Friday, August 21, 2015

6th Circuit Again Upholds ACA Accommodation For Religious Non-Profits

The U.S 6th Circuit Court of Appeals today, deciding a case that had been remanded to it (see prior posting) by the Supreme Court after that Court's Hobby Lobby decision, reaffirmed its earlier decision upholding against a RFRA challenge the Obama administration's Affordable Care Act accommodation for religious non-profits that object to furnishing their employees insurance coverage for contraceptives.  In Michigan Catholic Conference v.
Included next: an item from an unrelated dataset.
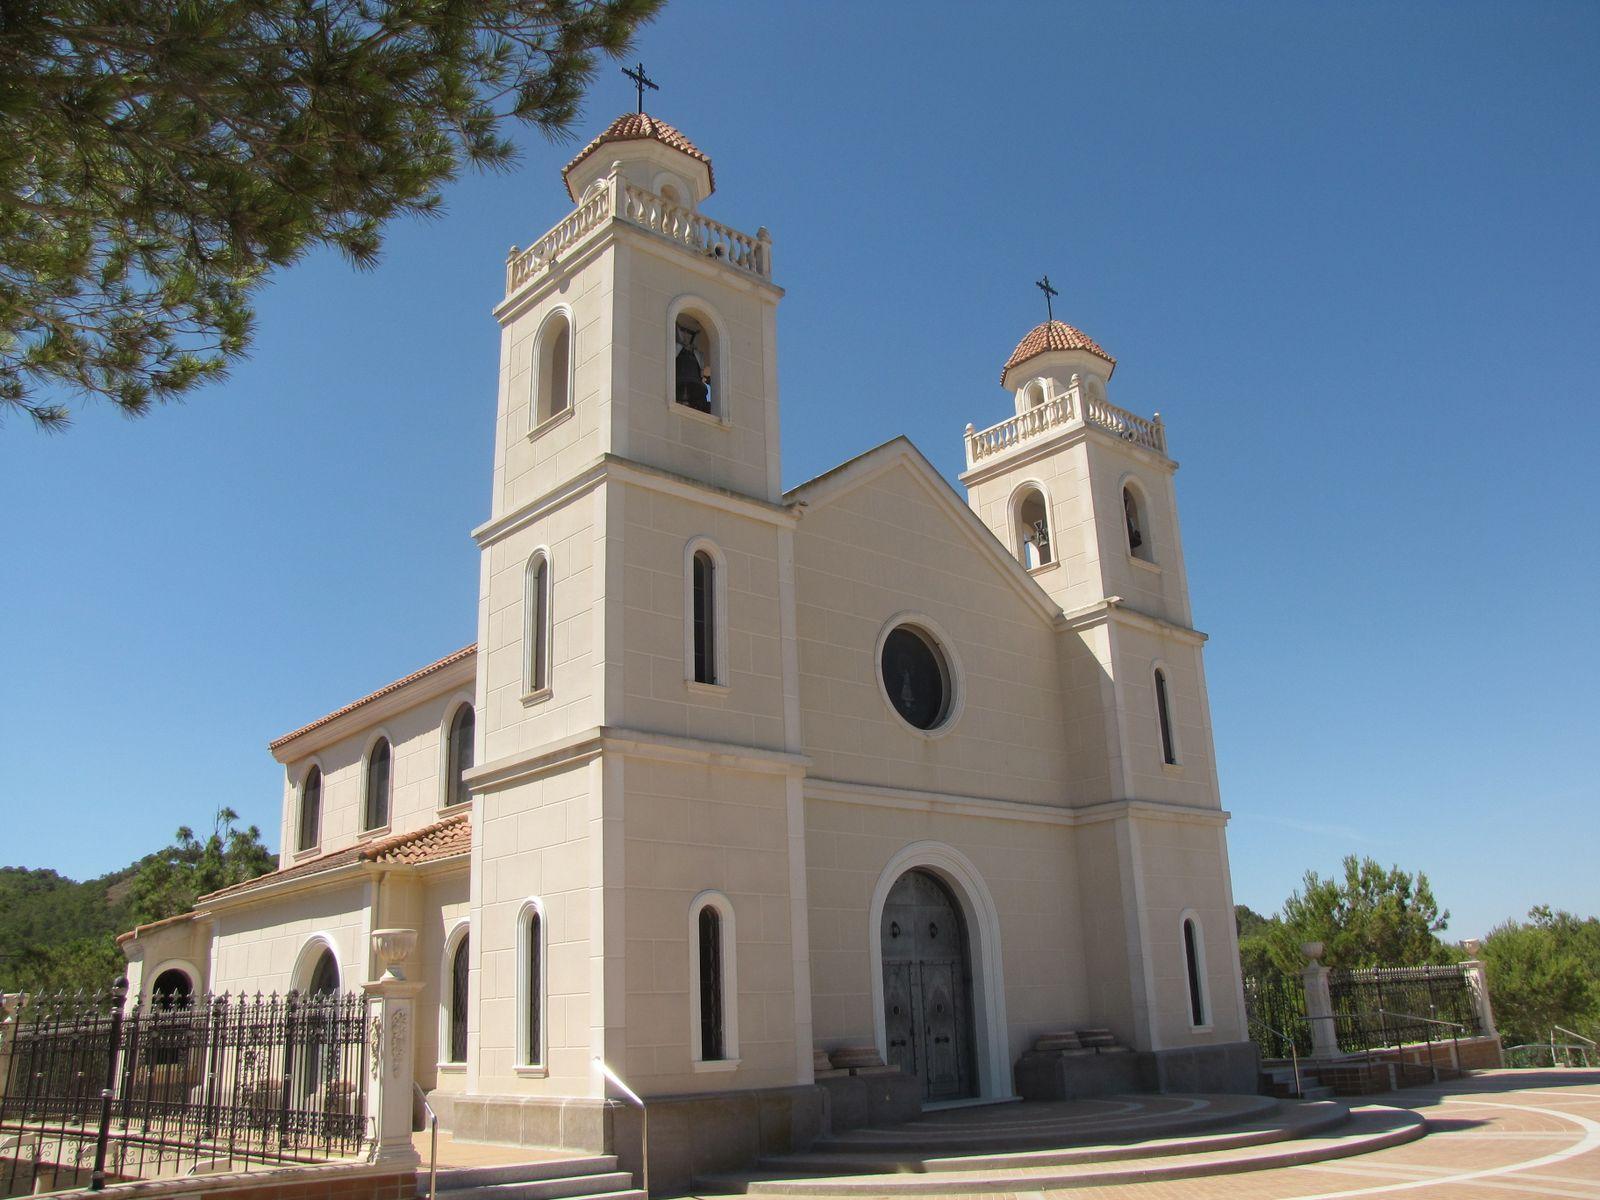 Santuario a la Virgen del Pilar

Burwell, (6th Cir., Aug. 21, 2015), the 6th Circuit said in part:
Despite our attempts to describe how the accommodation actually works, it is perhaps inevitable that some Plaintiffs will still believe that they are morally complicit in sin, by being a part of a system that provides access to contraceptives.... However, it is not our role to determine a party’s moral complicity; we do not question here Plaintiffs’ “desire not to participate in the provision of contraception.” ... Our role is a more limited one: to determine whether, as a legal matter, the regulation represents a substantial burden to Plaintiffs’ rights under RFRA. That requires us to determine how the law works and what it asks of various actors. On this point, as we held before, “[t]he government’s imposition of an independent obligation on a third party does not impose a substantial burden on the appellants’exercise of religion.”